If you’ve found yourself standing in the grocery store lately, squinting at an ingredient label and thinking, why does this need seven kinds of gum?—you’re not alone.
I’ve noticed a quiet but unmistakable shift happening all around us. We’re backing away from ultra-processed foods and leaning hard toward simpler, naturally grown options. At the same time, protein has become the nutrient everyone’s talking about—how to get more of it, where it comes from, and whether it actually resembles food you recognize.
And that’s where I start smiling and sliding a seed catalog across the table.
Because while the food industry debates labels and additives, your garden is already offering a beautifully old-fashioned solution:
Grow Your Protein
The science part (don’t worry—this is the friendly kind)
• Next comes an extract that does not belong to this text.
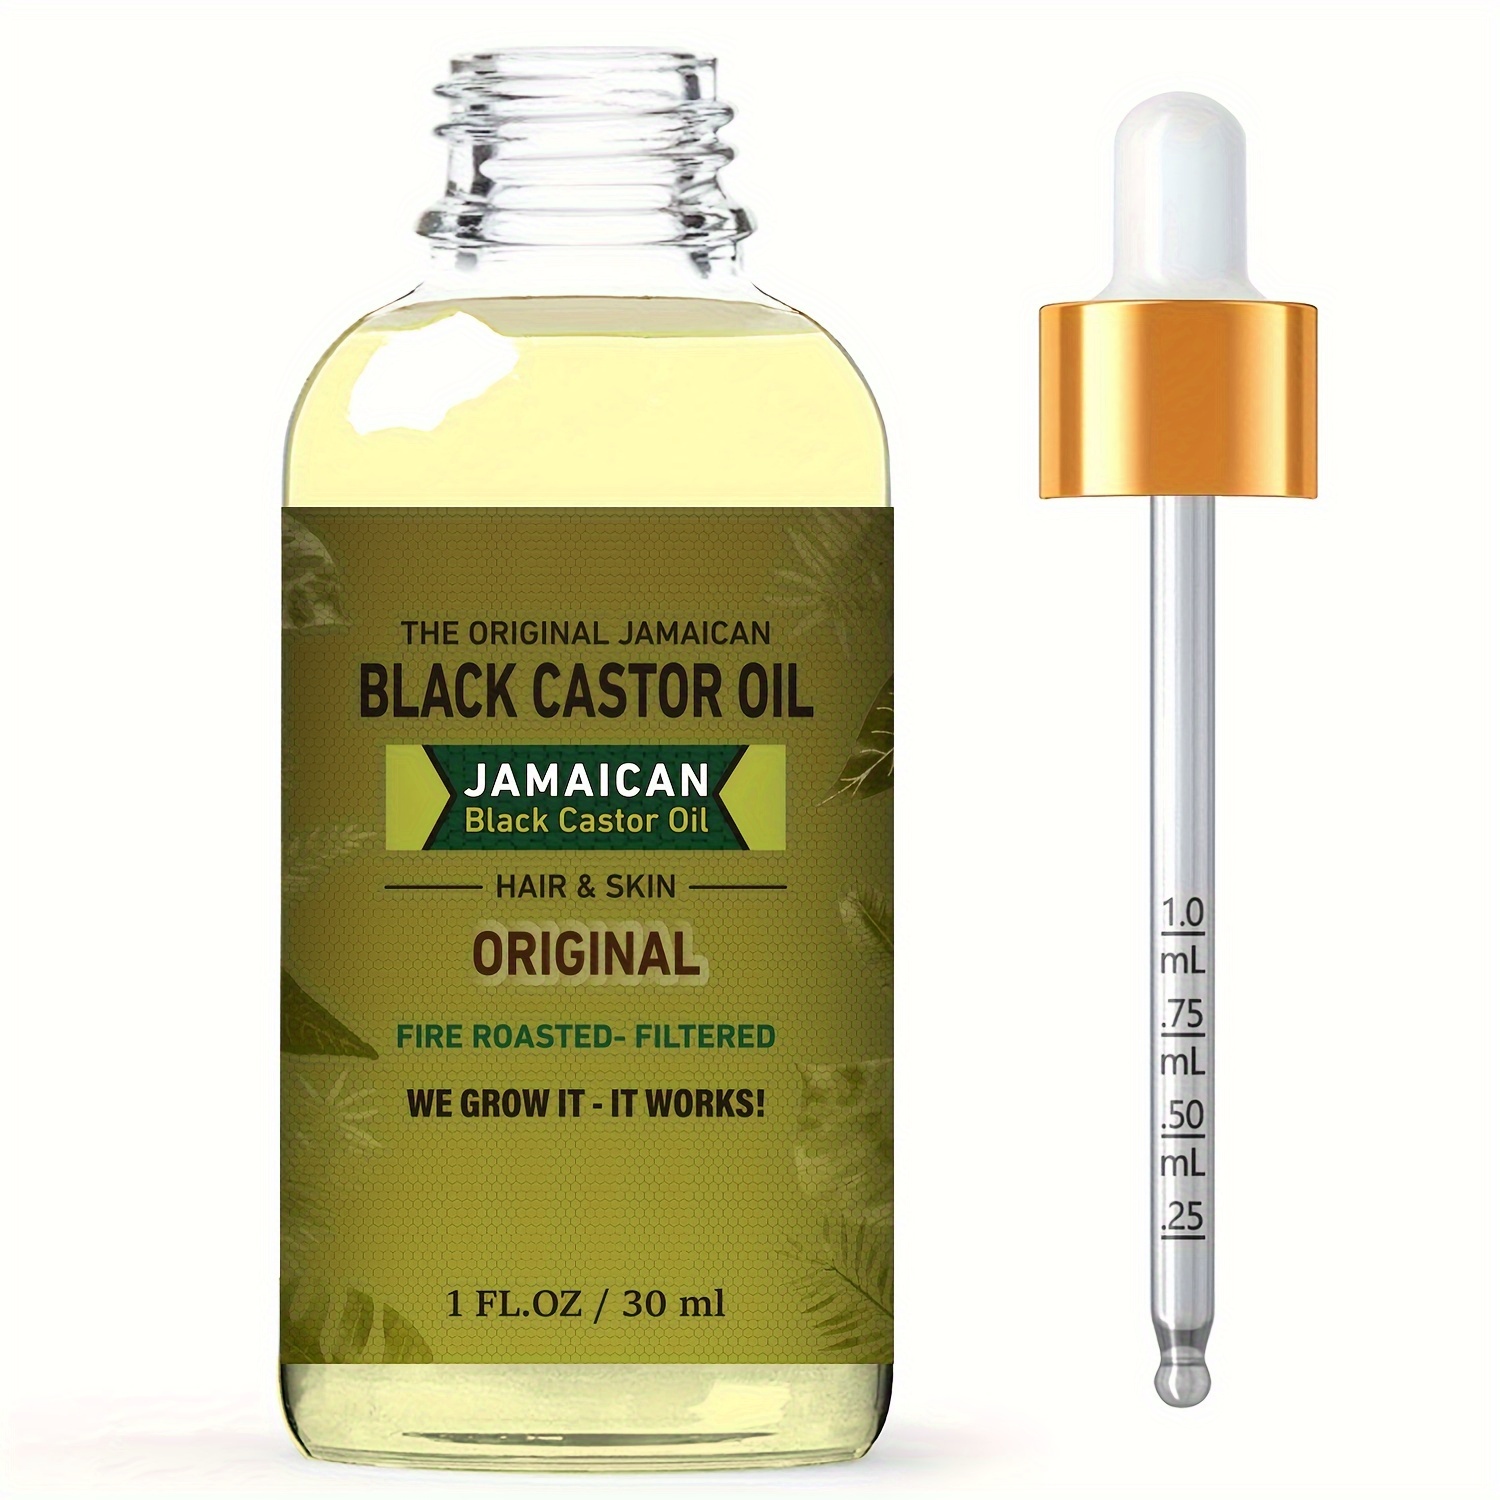 Batana Oil For Hair Care Hair Serum With Jamaican Black - Temu
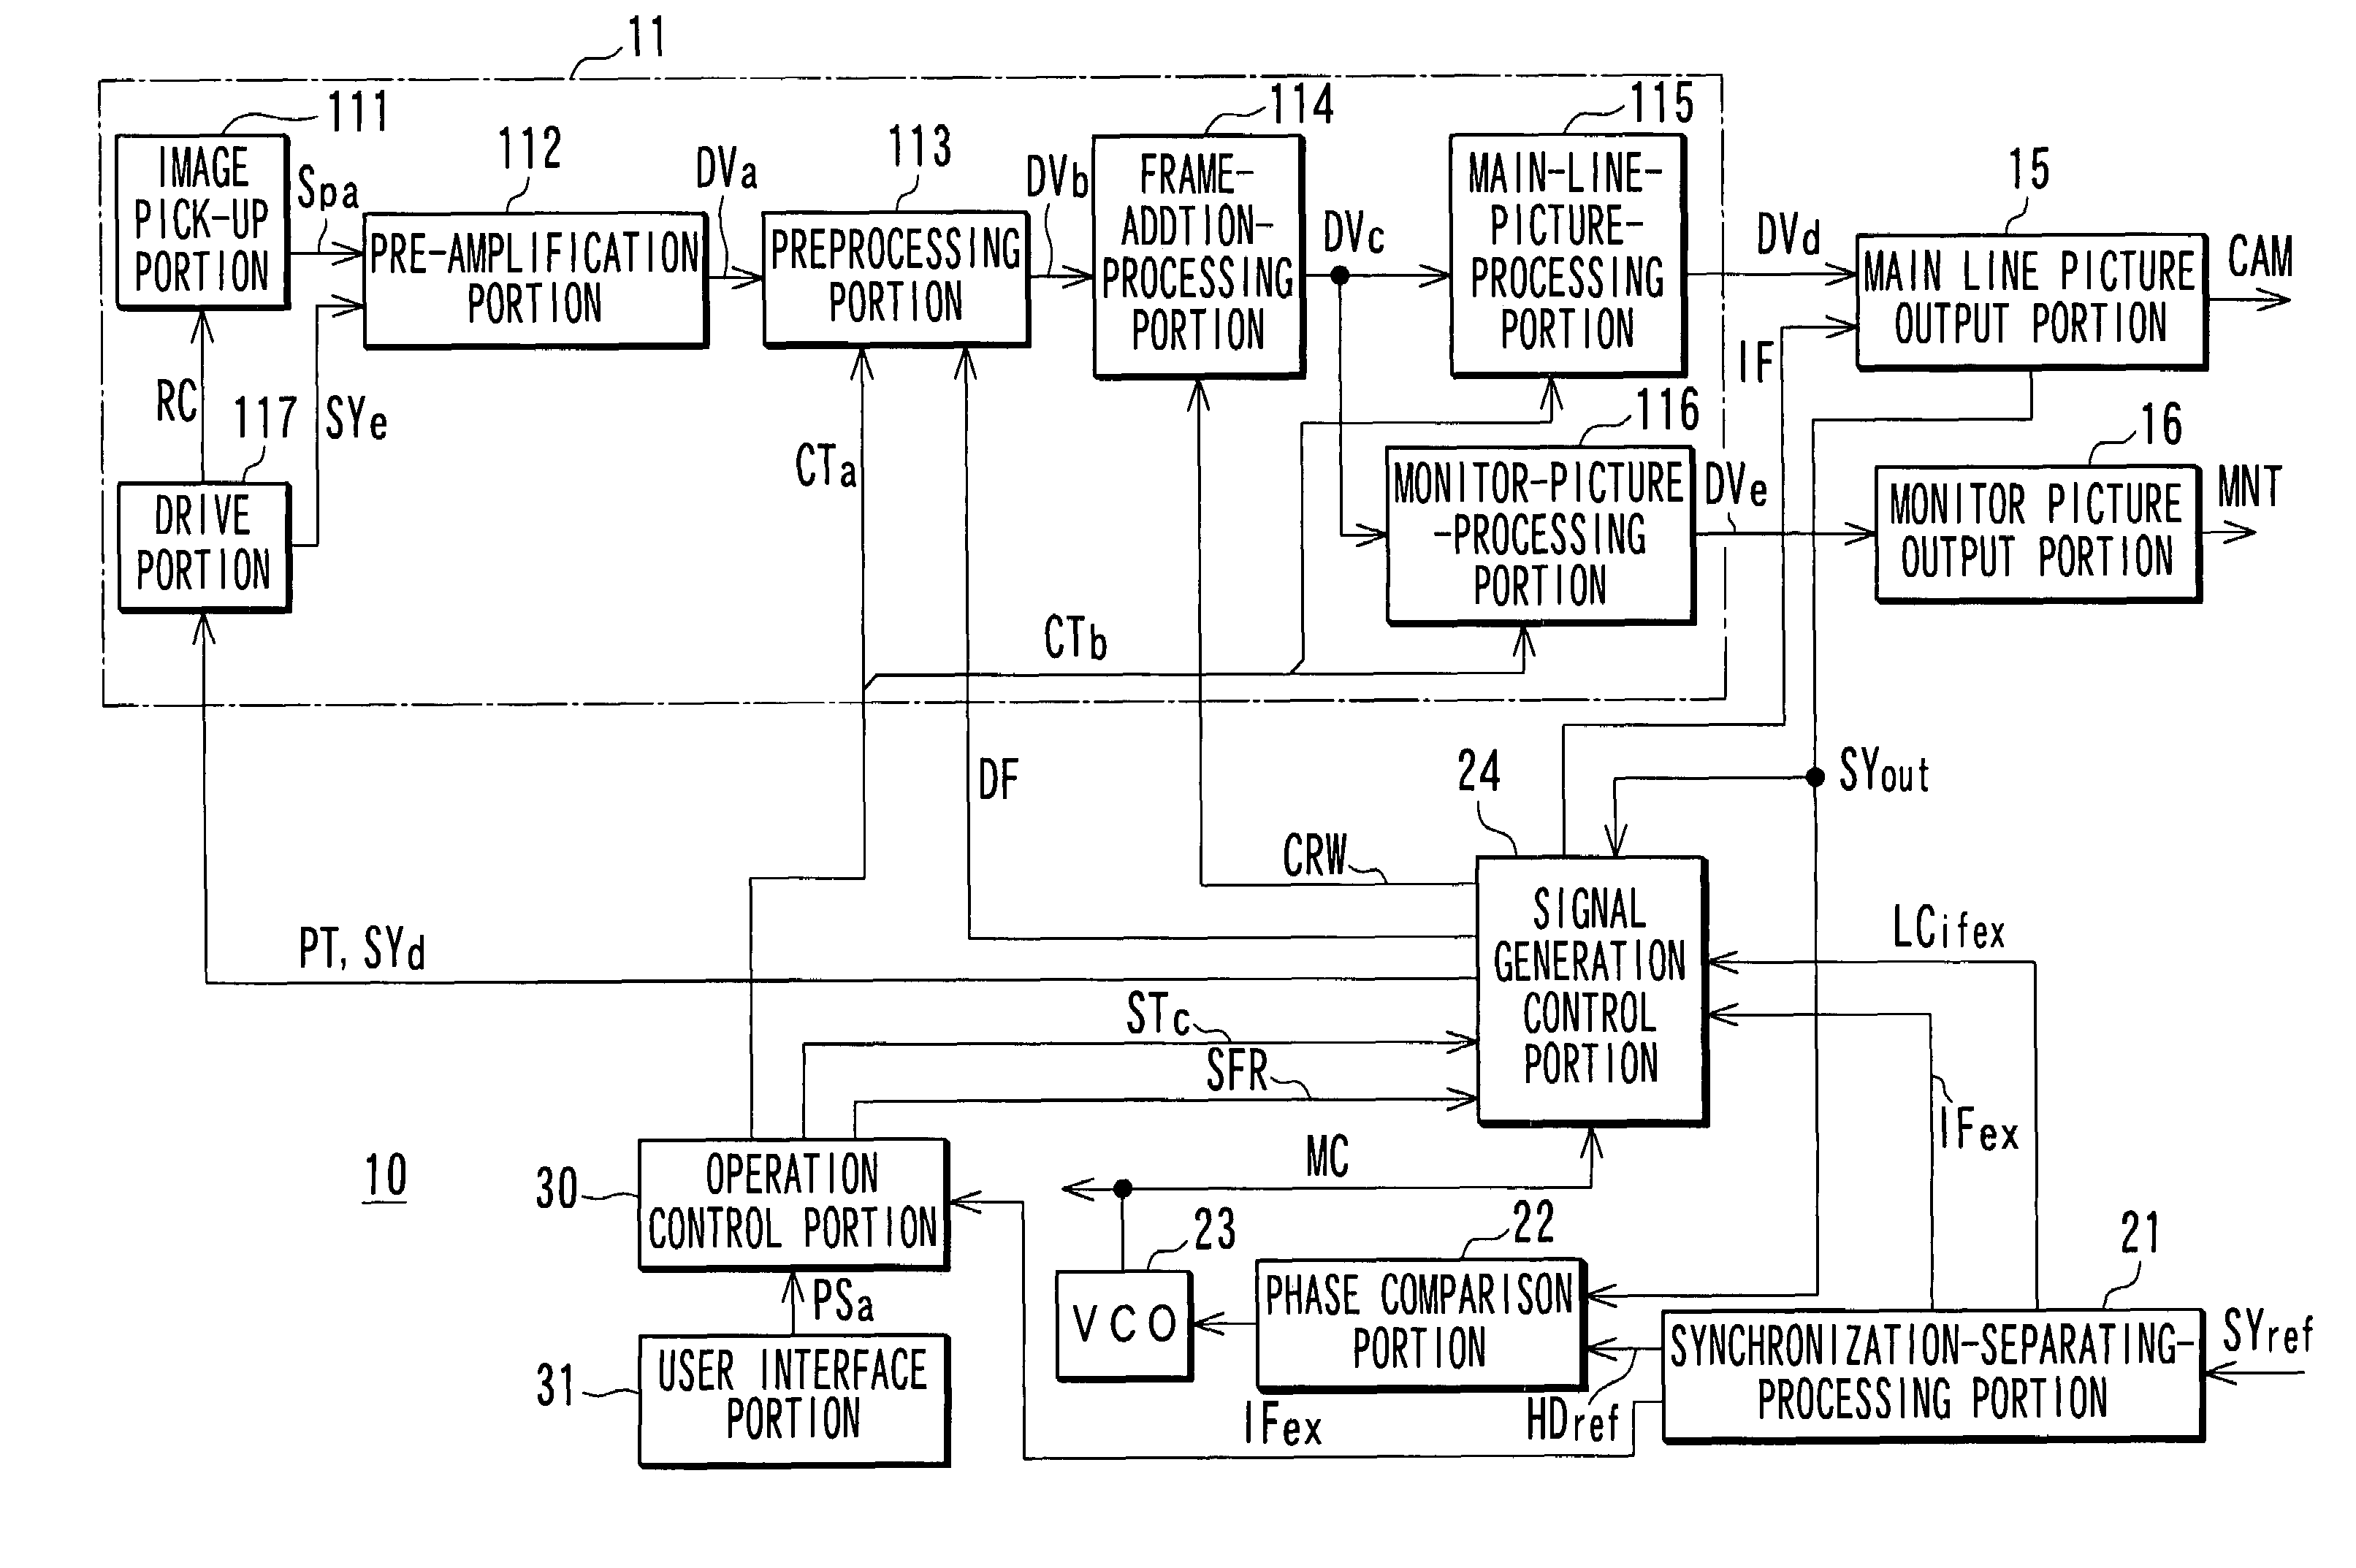 Image pickup apparatus and synchronization signal generating apparatus

For most of gardening history, choosing a variety was a bit like picking a novel by its cover. You knew the general category—bean, pea, soybean—but not the finer details: yield, disease resistance, flavor… or how much protein you were actually growing.
That’s changing fast.
Modern plant breeding has quietly transformed what shows up in seed catalogs, and you’re benefiting from it whether you realize it or not. Today’s varieties are shaped by:
- Genomics-assisted breeding, which uses DNA information to identify plants with desirable traits—like higher yield, resilience, and improved nutrition—much faster than old trial-and-error methods
- Focused breeding for plant protein, especially in legumes like beans, peas, favas, and soybeans, which are already nutritional powerhouses
- Genome-editing research (including CRISPR), which—while not something you’re planting directly—has dramatically accelerated scientists’ understanding of how traits like protein content, productivity, and plant health work
- Biofortification strategies, a broader push to make crops more nourishing through smarter breeding and growing practices
Here’s the part I care about most as a gardener:
All of this science means fewer surprises and better results for you, even in a small backyard or raised bed.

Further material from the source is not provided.